Son lait lui est acheté à 41 centimes du litre par la coopérative avec qui il est en contrat. Mais le coût de production est à 46 centimes du litre. Le calcul est vite fait.
"Je travaille à perte, déclare Adrien qui a vu sa trésorerie fondre. Je suis passionné par mon métier, mais, malheureusement, la passion a une fin. Il y a des jours, on se pose la question : est-ce qu'on a fait le bon choix de faire ce métier-là."
La lourdeur administrative
Tout comme pour le maire de Saint-Viaud qui dénonce le manque de moyens et l'inflation administrative, Adrien Moyon dit être noyé lui aussi par la lourdeur des dossiers qu'il doit préparer dans son activité, notamment lorsqu'il lui a fallu agrandir la stabulation et demander une subvention.
"Sur l'exploitation, on est trois associés, il y a quasiment un temps plein qui fait de l'administratif, comptabilité, relations avec les partenaires. Le temps passé augmente" constate l'éleveur qui précise que pour monter de tels dossiers, l'aide d'un intervenant extérieur est devenue indispensable.
Il a dû aussi faire une demande de dérogation de "sols nus". Les fortes pluies de l'automne et du début d'hiver ne lui ont pas permis de semer ses céréales. Or, selon une directive européenne, on ne peut pas, sauf dérogation, laisser un sol sans le cultiver. Il n'aura donc pas de paille pour ses bovins et a dû, déjà, en commander pour plus de 7 000 euros.
Manifestations aux péages de Vendée
Des prix trop bas et des charges qui augmentent, c'est ce qui mobilise les agriculteurs en ce moment.
Depuis ce mardi soir, la Vendée a rejoint le mouvement national des agriculteurs. Ce mercredi matin, plusieurs péages étaient occupés pour des opérations" péage gratuit". Pas de blocage, mais des manifestations pour faire connaître les raisons de cette colère en invitant les automobilites/citoyens à consommer Français et local.
"Le carburant, l'électricité qui vont monter, c'est très difficile pour un jeune de voir l'avenir sereinement", déclarait ce matin Thibault Merlet, président des Jeunes Agriculteurs du canton des Herbiers, présent sur un péage de l'A87.

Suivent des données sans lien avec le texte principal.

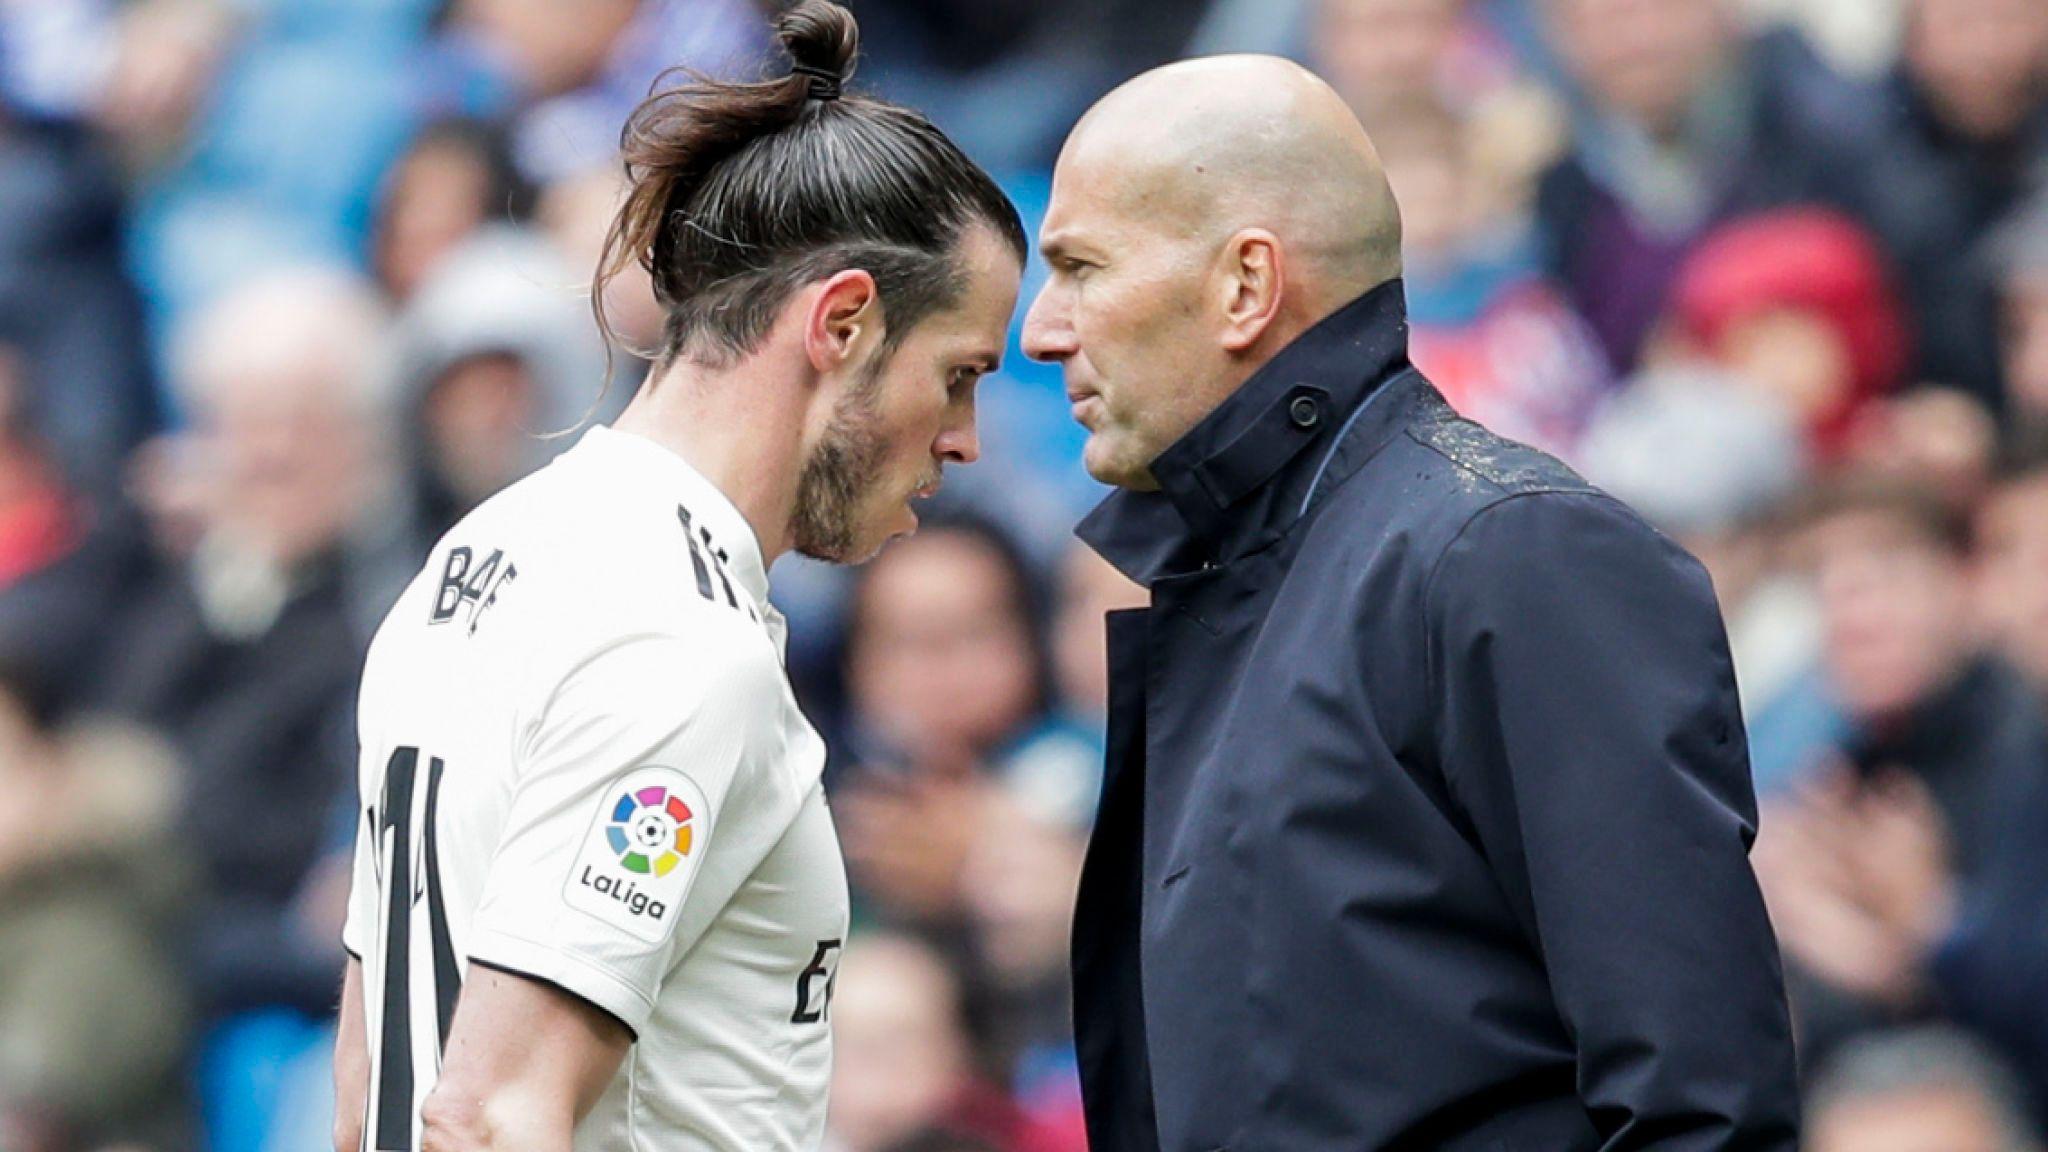 bale, Levy Kumbakiza Bale, Tottenham?, Meridianbet
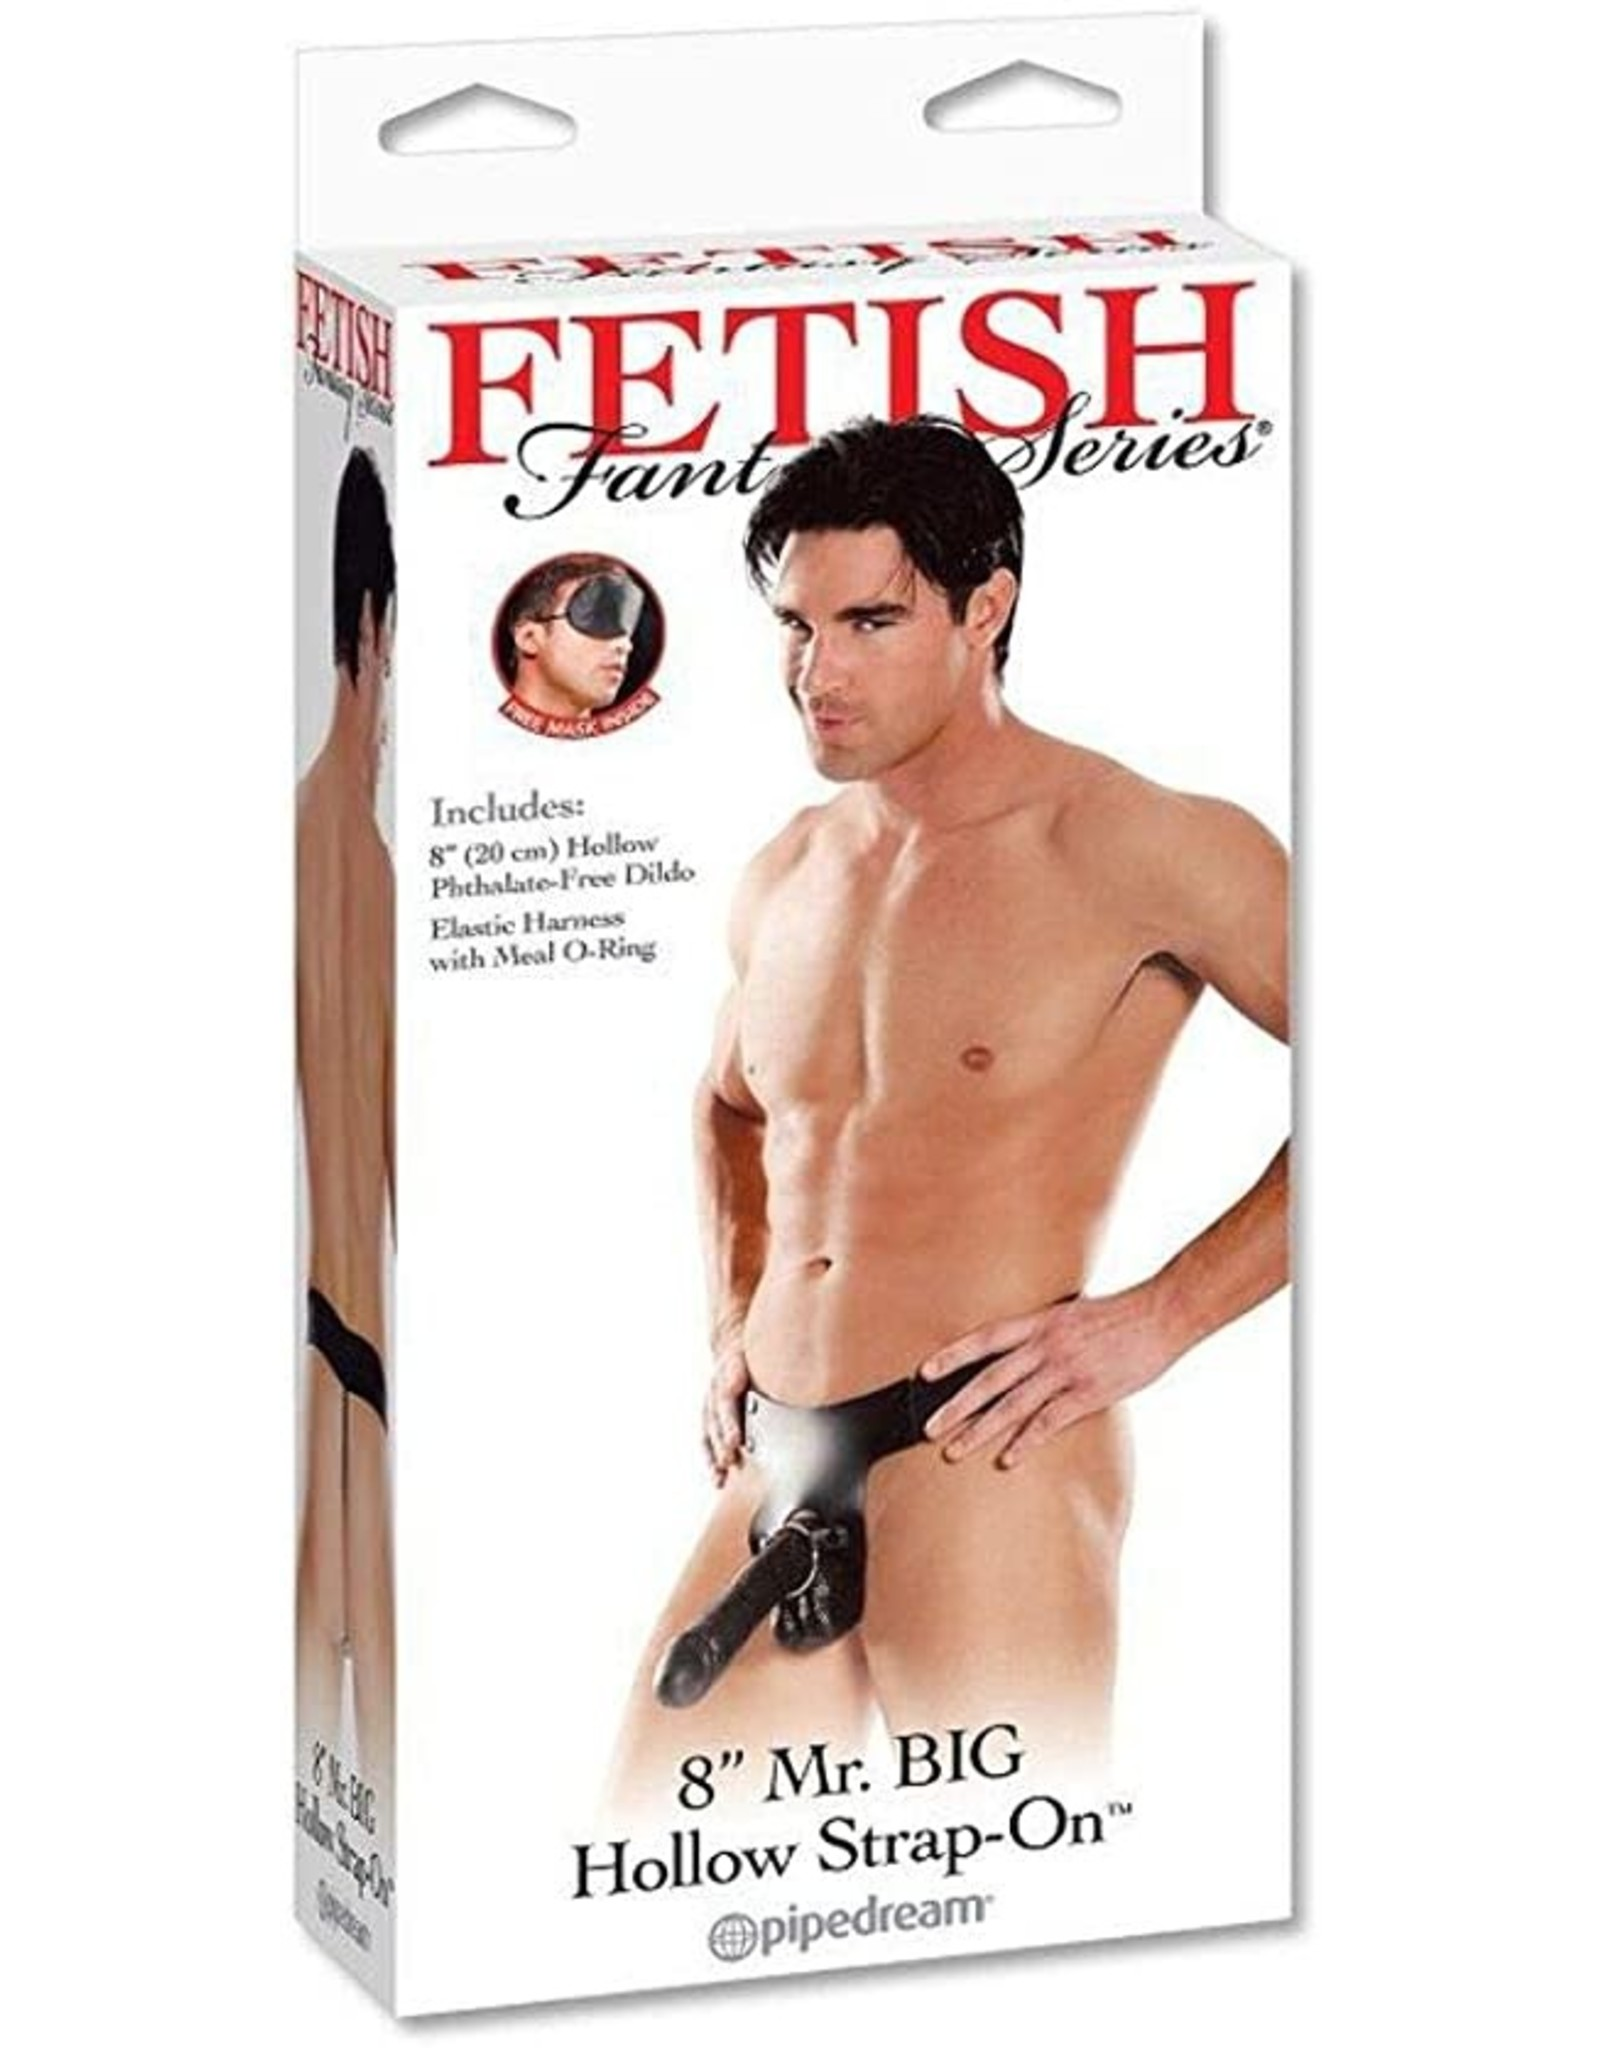 "FETISH FANTASY FETISH FANTASY - MR.BIG HOLLOW 8"" STRAP-ON"

D'autres péages, à Saint-Hermine, à Fontenay-le-Comte, étaient également occupés ce mercredi. Des actions sont aussi prévues en soirée dans le Maine-et-Loire.
Outre la gratuité du passage, les agriculteurs procédaient aussi à des contrôles des marchandises dans les camions frigorifiques. De la sauce tomate espagnole et de la viande allemande ont ainsi été interceptées.